Alec exchanged a glance with Curtis. Two men and a woman? Could it possibly be Nicole Ingram? Or was the old man out of his head? “Where were they headed?”

McEwan's eyes fluttered, then closed. “Out to sea. East.”

Alec wanted to ignore the information, but what if the men were heading out to dump Nicole?

The inn was dark and gloomy with the hurricane shutters closed. Libby had never been in a hurricane before, and the breathless quality of the air added to her unease. “I think I'll sit on the porch and give my stepbrother a call,” she told Delilah, who was instructing the housekeeping staff to ready some extra rooms.

Delilah nodded and Libby stepped out into the twilight air with the inn's portable phone in her hand. The sun was almost down and the sound of the cicadas enveloped her as she settled on the swing at the end of the porch. Could the police seriously think she might have hurt Nicole?

Libby put down the phone and clasped her knees to her chest. She had to figure out a way to prove her innocence. As long as the sheriff was investigating her, his attention wasn't on the right person. She should have told him about her mess-up with the computer. Everything was spiraling out of control because of her lapse of judgment. She could kick herself.

She still hadn't opened the items from her father. There hadn't been time, and she wanted no interruptions when she took a peek at the letters and the contents of the envelope.

The sand glimmered in the moonlight. The scene reminded her of when she was a little girl. She and her mom usually spent two weeks along a beach. One year it was California, another year the Texas Gulf, and yet another the cold water of the Pacific Northwest. The various vacations were a kaleidoscope of memories, all slightly hazy with an aura of warmth and love.

That zany woman with the long braid and beads who had been her mother was hard to reconcile with a parent who would lie and deprive her daughter of all contact with her father.
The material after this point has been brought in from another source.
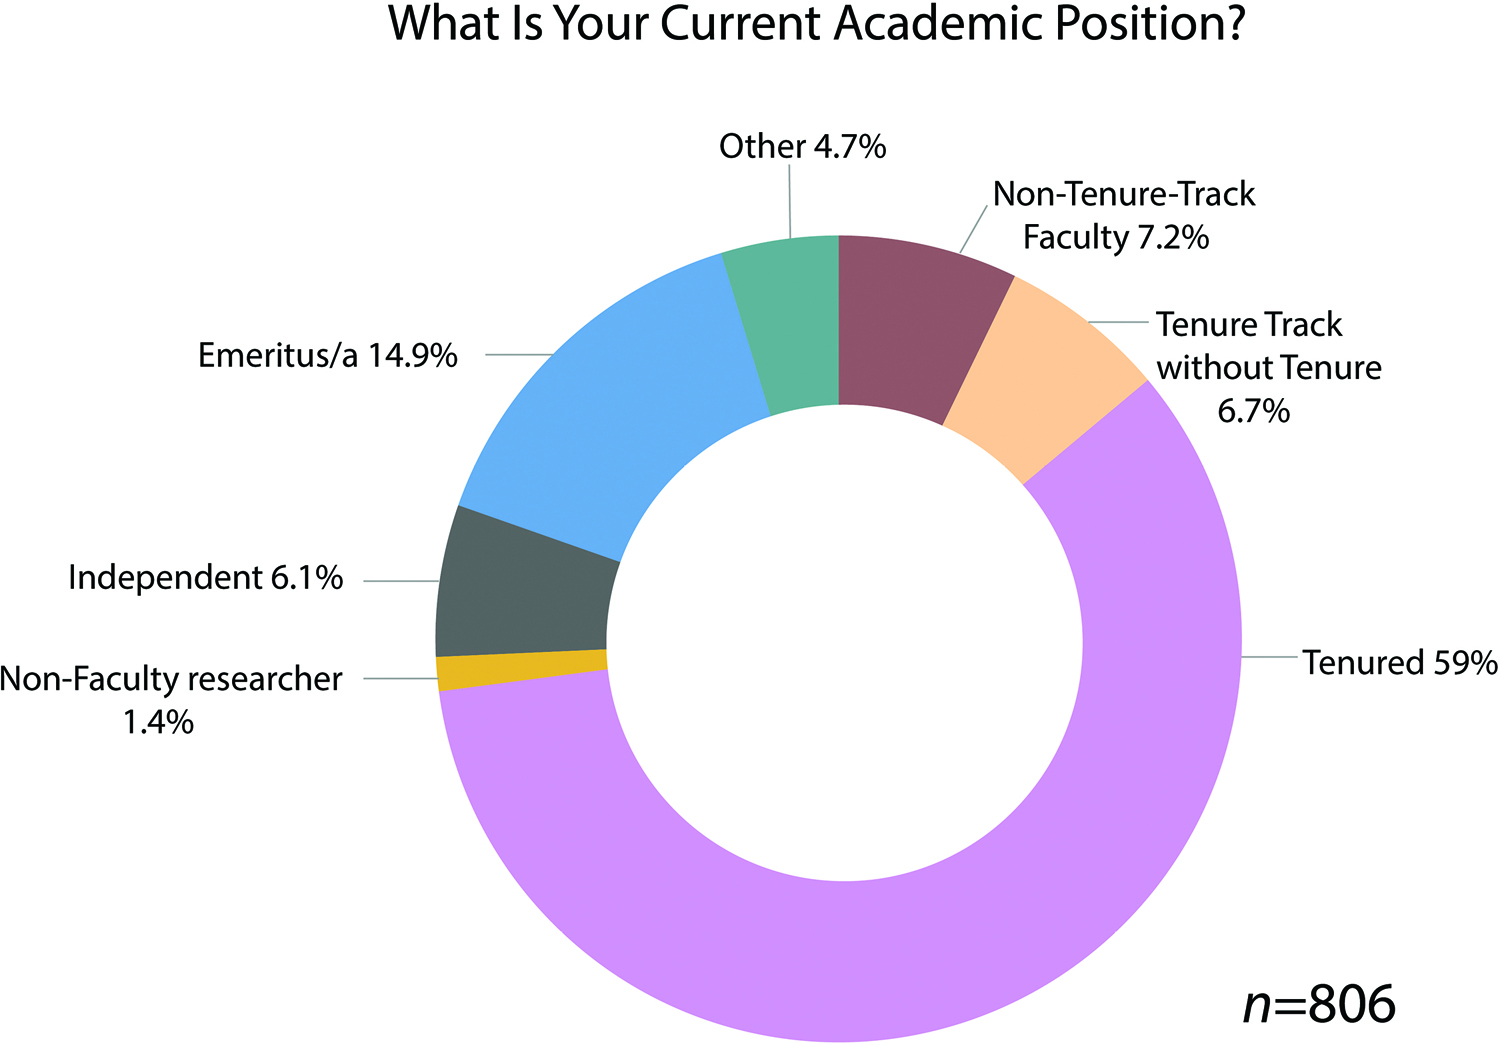 A pie chart graph with different sections representing the percentage of survey population of 806 respondents. 59% Tenured; 6.7% Tenure Track without Tenure; 7.2% Non-tenure track faculty; Other 4.7%; Emeritus or Emerita 14.9%; Independent 6.1% and non-faculty researcher 1.4%.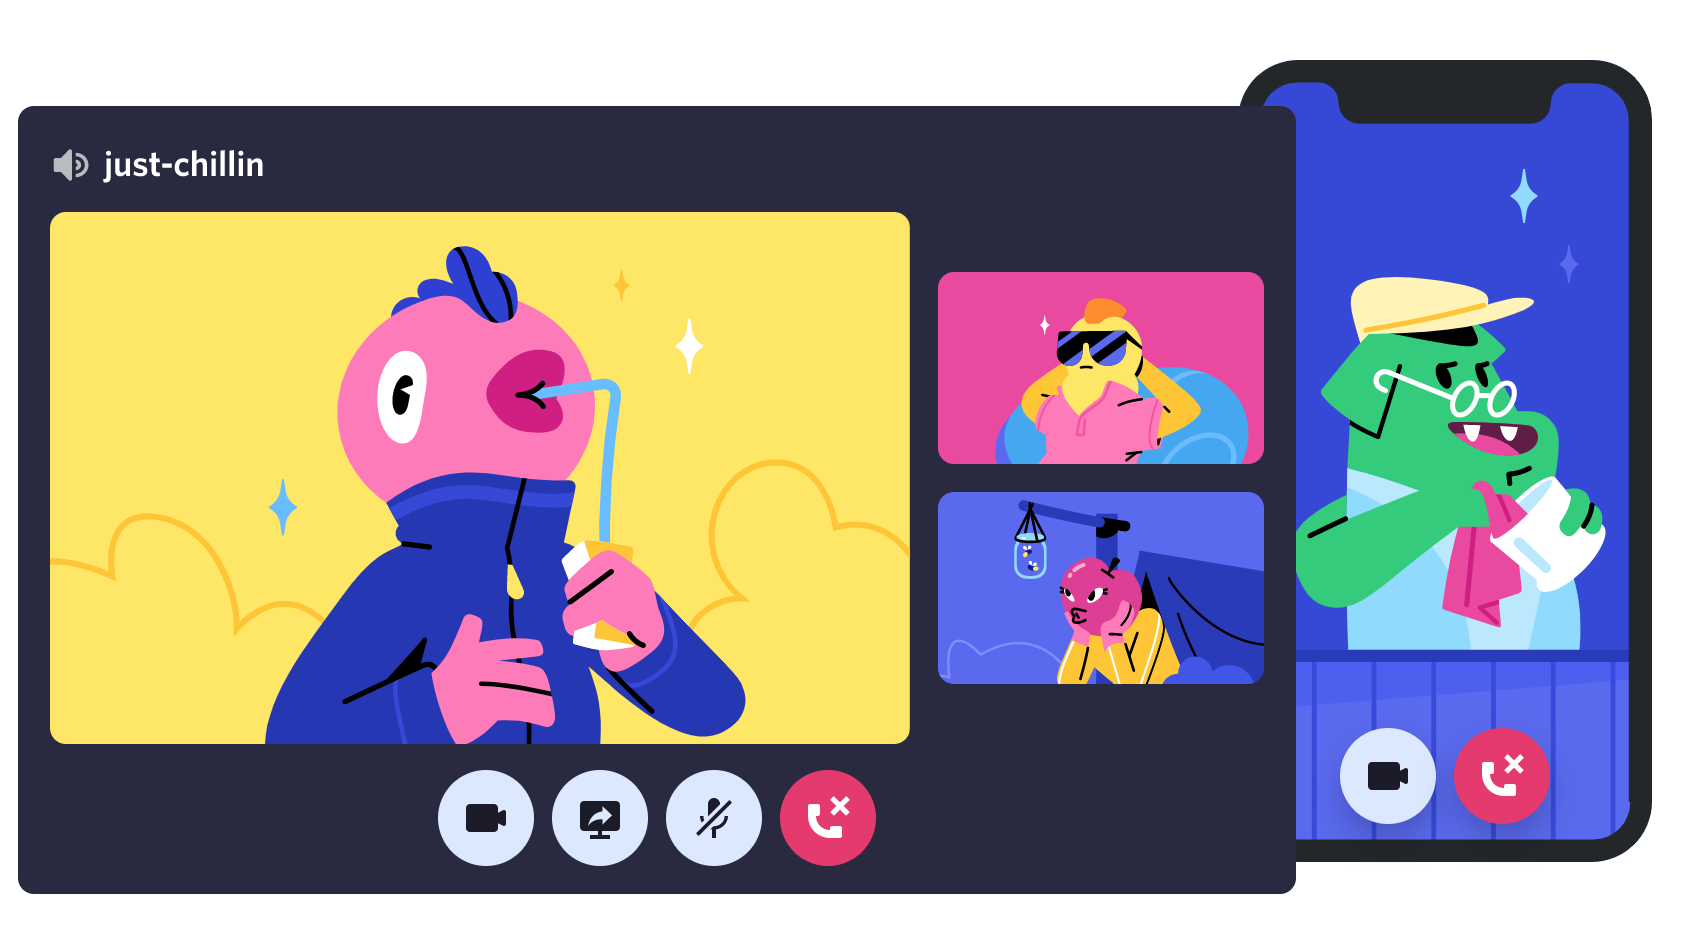 Animated characters talking over Discord video chat

Yet that was the situation, if everything she'd learned today was true. But was it?

Libby stood and walked restlessly to the other side of the large porch. No matter what, she knew her mother had loved her. In spite of their constant travels and the many men in her mother's life, Libby's well-being had always been primary. She would cling to that fact for now.

Headlamps pierced the gloom and tires crunched on gravel. Her pulse jumped when she recognized Alec's truck in the glow of the security light. His door slammed, and he went around to the passenger side and helped an old man out.

Libby met them at the foot of the steps. Alec was assisting the man to the inn. “Is he all right?”

“This is Mr. McEwan. He lives on one of the unnamed islands. He had a little bit of angina, but the doctor says he's going to be okay. We generally bring people to the inn during a big blow. I assume that's still okay?”